The score "played a large part in keeping Silk Stockings running on Broadway for 478 performances and in helping to recoup the immense production expenses for the show (brought in at a cost of $370,000, Silk Stockings was considered one of Broadway's most expensive musicals for its time)...The big hit...was clearly 'All of You'." An original cast recording was released by RCA Victor.

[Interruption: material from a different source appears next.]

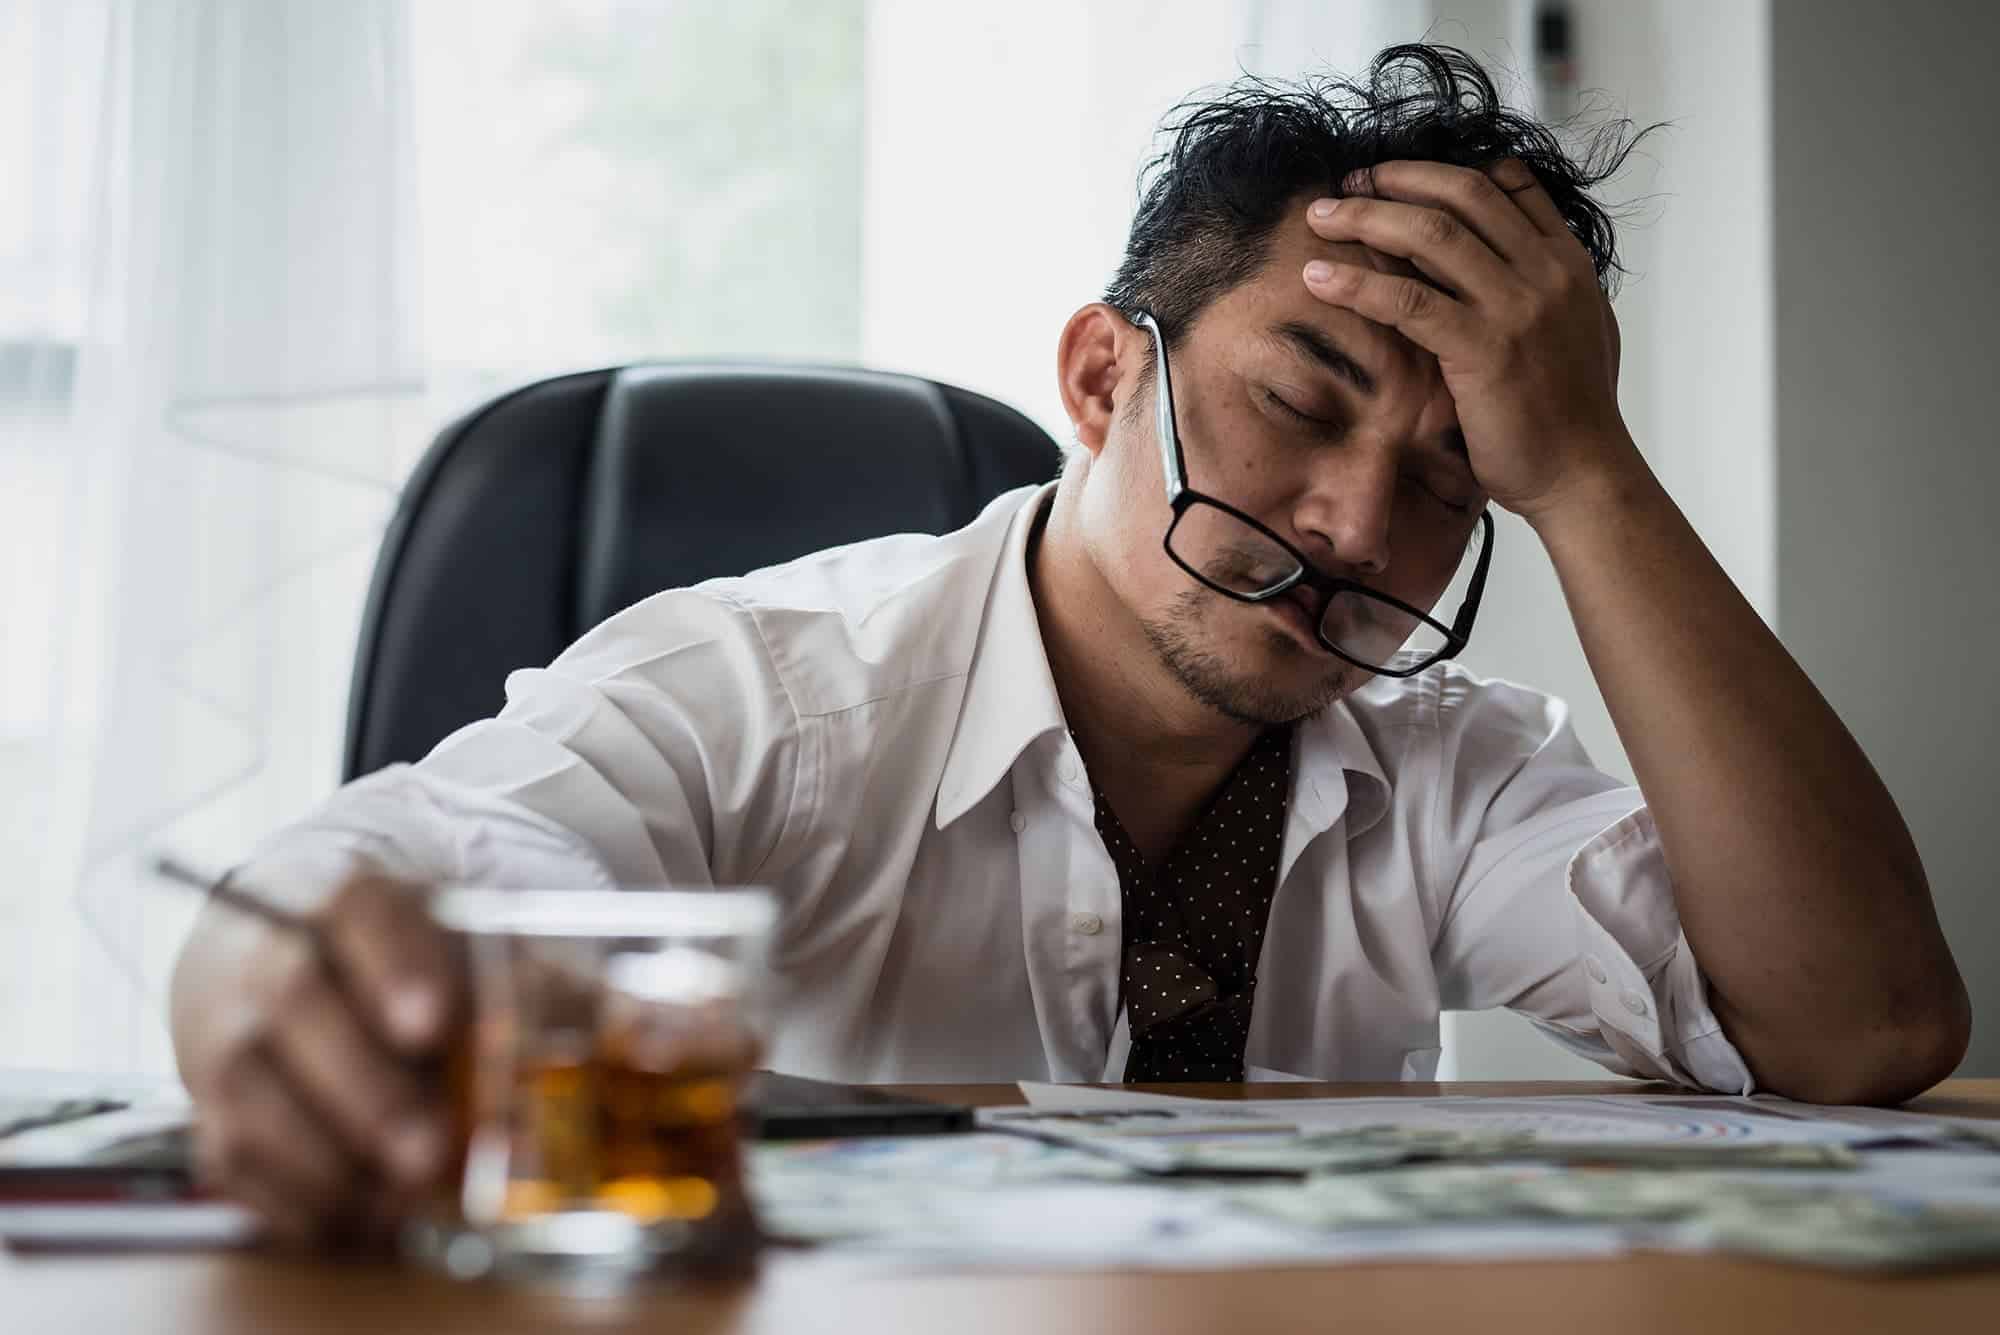 Is Your Career Making You Use?: Jobs with the Highest Rates of Alcohol and Drug Addiction

The Lost Musicals staged reading of the musical was held in September 2005 in New York City.

==Synopsis==

Original cast recording

Special envoy Nina Yaschenko (Ninotchka) is dispatched from the Soviet Union to rescue three foolish commissars from the pleasures of Paris. Romanced by theatrical agent Steven Canfield, she eventually comes to recognize the virtues of capitalist indulgence. Meanwhile, Peter Boroff, Russia's greatest composer, is being wooed by Janice Dayton, America's swimming sweetheart, to write the score for her first non-aquatic picture, a musical adaptation of War and Peace.
==Characters and cast==
- Ivanov – Henry Lascoe
- Brankov – Leon Belasco
- Bibinski – David Opatoshu
- Steve Canfield – Don Ameche
- Ninotchka – Hildegarde Neff
- Janice Dayton – Gretchen Wyler
- Peter Ilyitch Boroff – Philip Sterling
- Commissar Markovitch – George Tobias
- Pierre Bouchard – Marcel Hillaire
- Vera – Julie Newmar

==Song list==

- Act I
- "Too Bad" - Ivanov, Brankov, Bibinski, and Hotel Staff
- "Paris Loves Lovers" - Steve Canfield and Ninotchka
- "Stereophonic Sound" - Janice Dayton
- "It's a Chemical Reaction, That's All" - Ninotchka
- "All of You" - Steve
- "Satin and Silk" - Janice
- "Without Love" - Ninotchka
- "All of You" (Reprise) - Steve

- Act II
- "Hail, Bibinski" - Ivanov, Brankov, Bibinski, and Ensemble
- "As On Through the Seasons We Sail" - Steve Canfield and Ninotchka
- "Josephine" - Janice
- "Siberia" - Ivanov, Brankov, Bibinski
- "Silk Stockings" - Steve Canfield
- "The Red Blues" - Ninotchka and Ensemble
- "Too Bad" (Reprise) - Full Company

==Film==
The film Silk Stockings, based on the stage musical, was released in 1957.